Viajar é um conjunto de mil e uma coisas. São quartos de hotéis com um ar acolhedor, é a mesma roupa repetida numa série de dias seguidos. É uma conexão lenta à Internet que nos faz desesperar e, por fim, desistir, deixar para mais logo, porque há mais para fazer. É um misto de bombas de gasolina ou aeroportos com restaurantes luxuosos, repletos de comidas novas e típicas, ou cadeias de fast food que mais tarde ou mais cedo acabam, também elas, por se tornar num luxo. É percorrer ruas pela primeira vez e ficar seduzido pelas luzes que brilham à noite, pelas pessoas no café que, antes desconhecidas, se tornam as nossas melhores amigas e com as quais falamos num inglês básico, porque não precisa de ser muito elaborado devido à simplicidade das situações.
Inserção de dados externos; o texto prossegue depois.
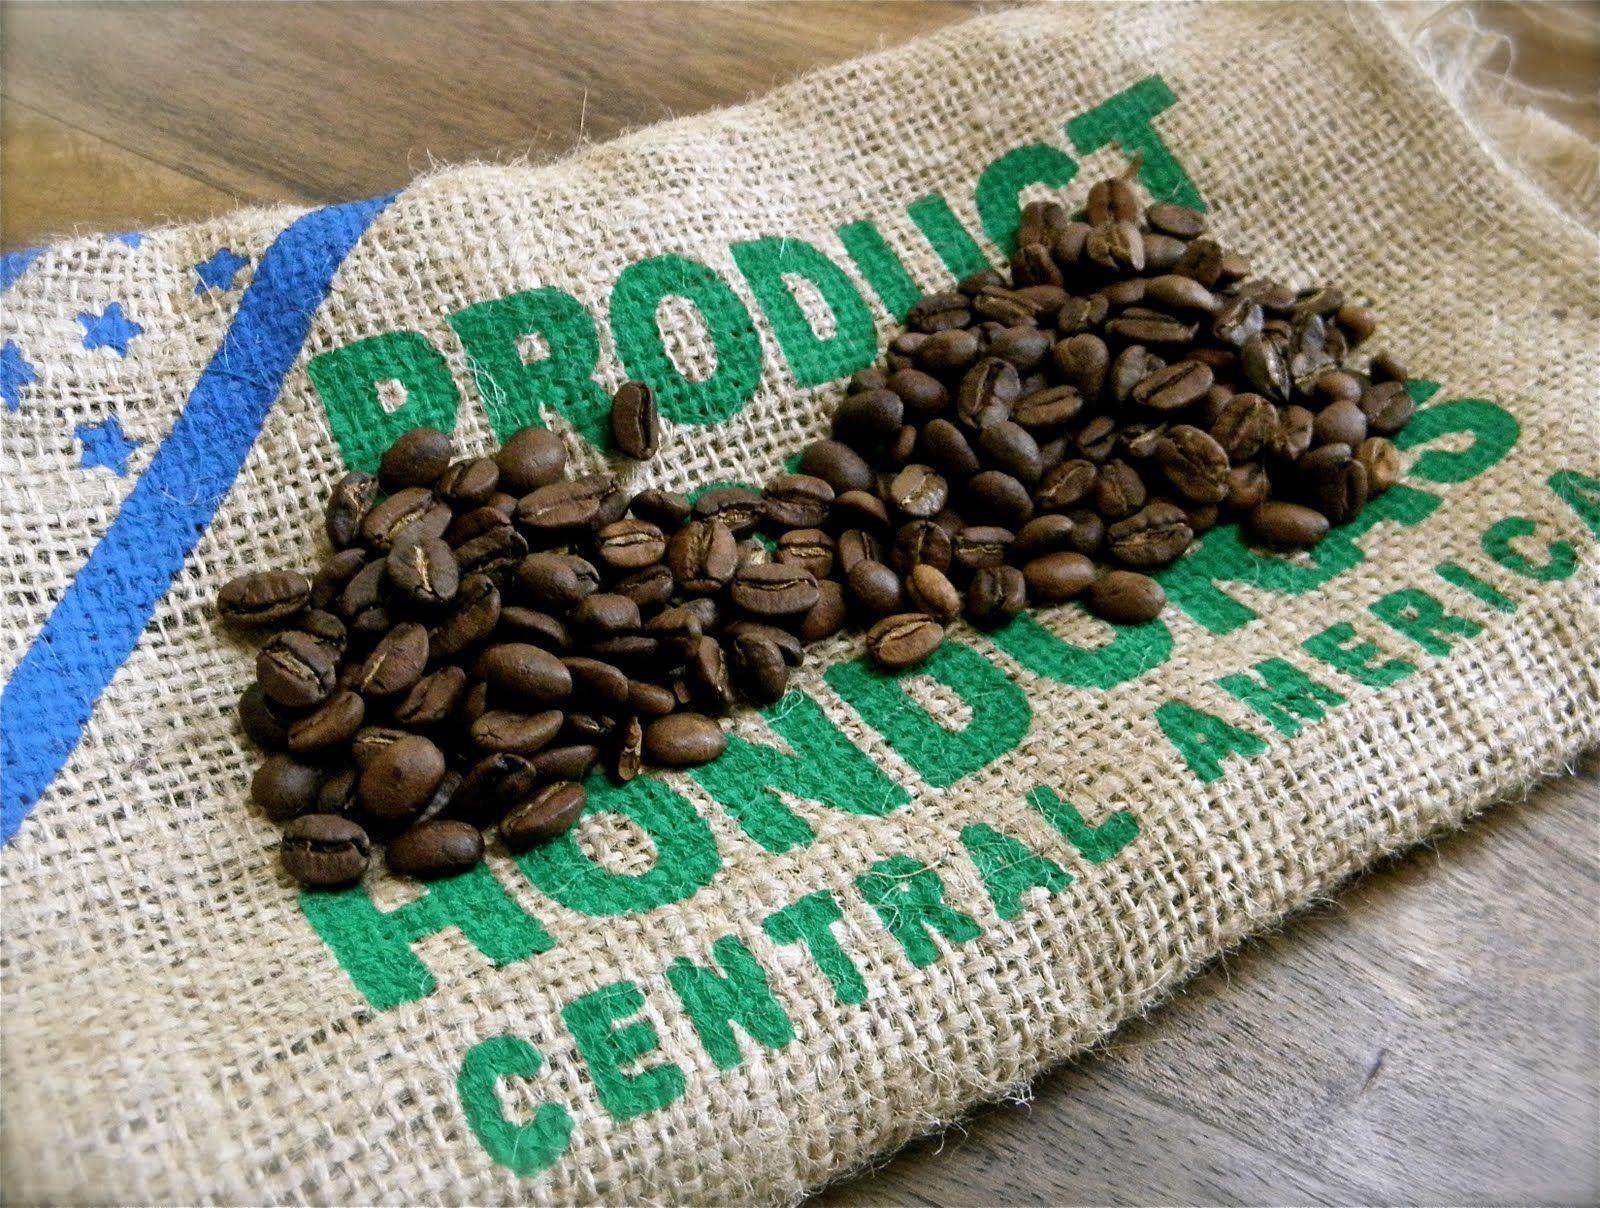 Honduras Fto Expensive Coffee Coffee Beans Best Organic Coffee
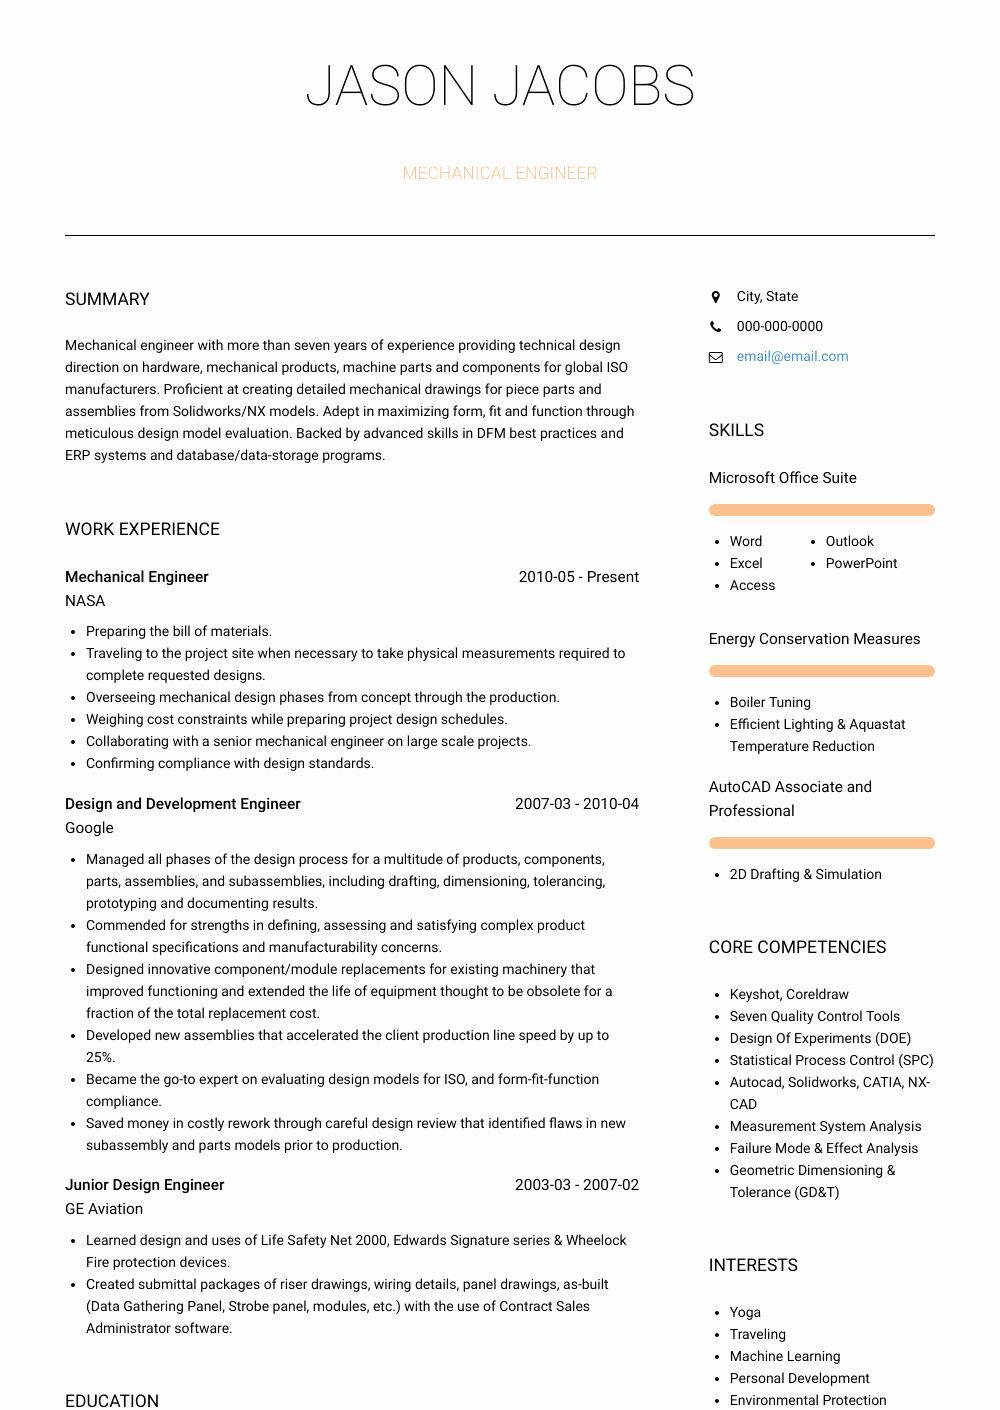 Sample Resume For Layout Design Engineer

Viajar é o tempo a correr enquanto deixamos bocadinhos do nosso coração pelas ruas – pode ser que um dia, daí a muitos dias, voltemos e os procuremos como uma Blimunda em busca do seu eterno Sete-Sóis. Tal como ela, iremos encontrá-los no fim. Viajar é sentir o peito quente, sentir que somos mesmo cidadãos do mundo, do mundo que achamos nosso, sem medo de nada nem de ninguém. Por duas semanas, saboreamos a felicidade – também ela aprazível como a comida da nossa avó. Por duas semanas vivemos, vivemos com tudo o que temos e o que não temos, como se o amanhã não existisse. E regressamos a casa com um sonho: querer voltar e saborear mais um pedaço de toda aquela experiência.

De repente estamos ali, no café da esquina onde todos os dias compramos pão fresco pela manhã, mas, no entanto, as outras partes de nós estão espalhadas pelo mundo. Partes que incluem histórias, sítios, pessoas, almoços, jantares, noites de lua cheia, dias de céu azul, cigarros, candeeiros, sinais de trânsito, sorrisos, línguas desconhecidas, sapatos gastos. São partes que por aí ficaram, até que um dia as (re)visitemos. Temos saudades, recordamo-las de tempos em tempos, e, nostálgicos, sabemos que nunca as esqueceremos.